Minggir-minggir! Kita harus segera melakukan pertolongan.
Kalimat yang terucap dari salah satu petugas kepolisian setempat waktu itu terngiang di kepala. Saras menatap sayu bangku kayu yang mulai lapuk berada di samping gedung sekolah, seketika memorinya kembali berjalan memutarkan adegan demi adegan bak film genre thriller.
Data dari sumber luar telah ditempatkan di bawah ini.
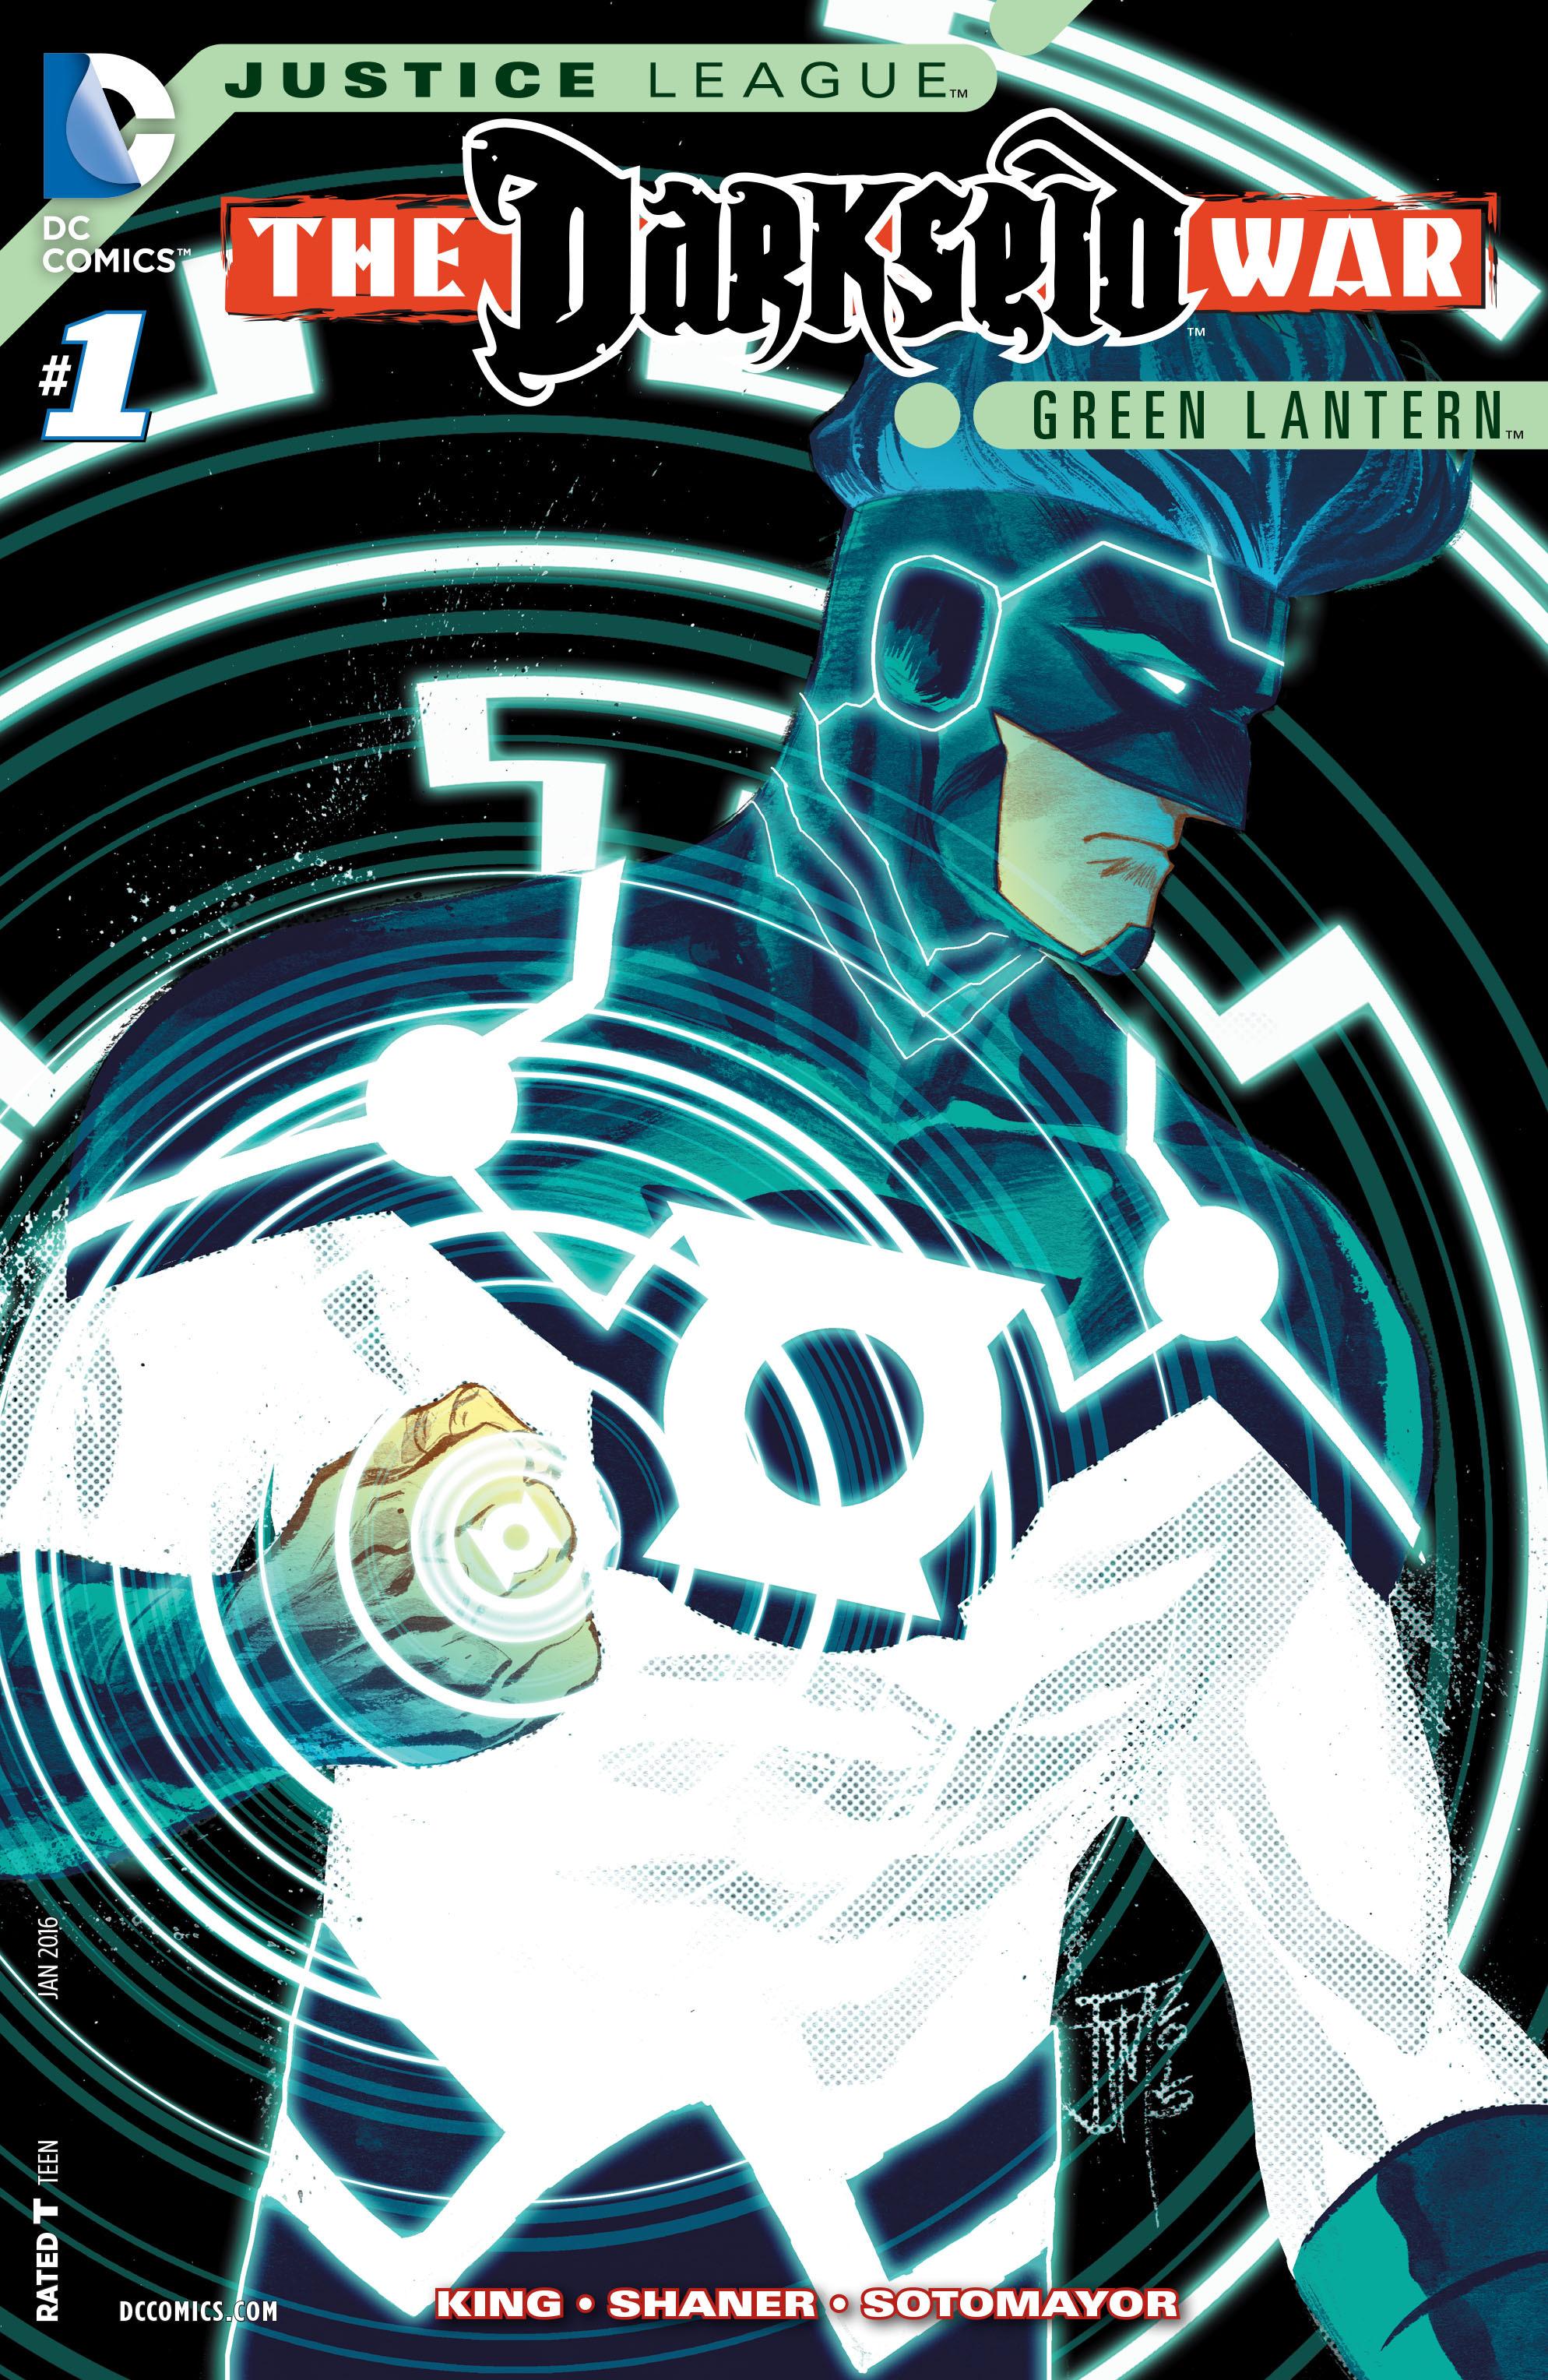 Justice League: Darkseid War: Green Lantern 1 Page 1

Benar-benar lengkap seperti adanya adegan kepolisian mengurus sebuah kasus. “Apakah di bangku itu masih ada bekas darah yang mengering?” ucap Saras dengan suara lirih, sedikit tertahan karena d**a masih terasa sangat sesak.
Ah, kayu lapuk itu sudah tidak sekotor waktu lalu. Pastinya, sisa-sisa darah sudah menghilang tergerus air hujan. Apalagi, dalam jangka waktu dua tahun. Mungkin, papan panjang itu sudah mengukir kisah manis bersama seseorang yang pernah singgah, setelah kejadian memilukan itu.
Tidak lama kemudian, Saras tersadarkan oleh suara petir dan langit sudah menggelap. Sedangkan, dia masih terpaku dengan ingatan masa lalu. Ia buru-buru kembali mengendarai sepeda motor dengan tubuh yang gemetar menuju minimarket, sebelum terjebak hujan.
“Saras!” panggil seseorang dari depan minimarket persis saat Saras hendak membuka pintu kaca.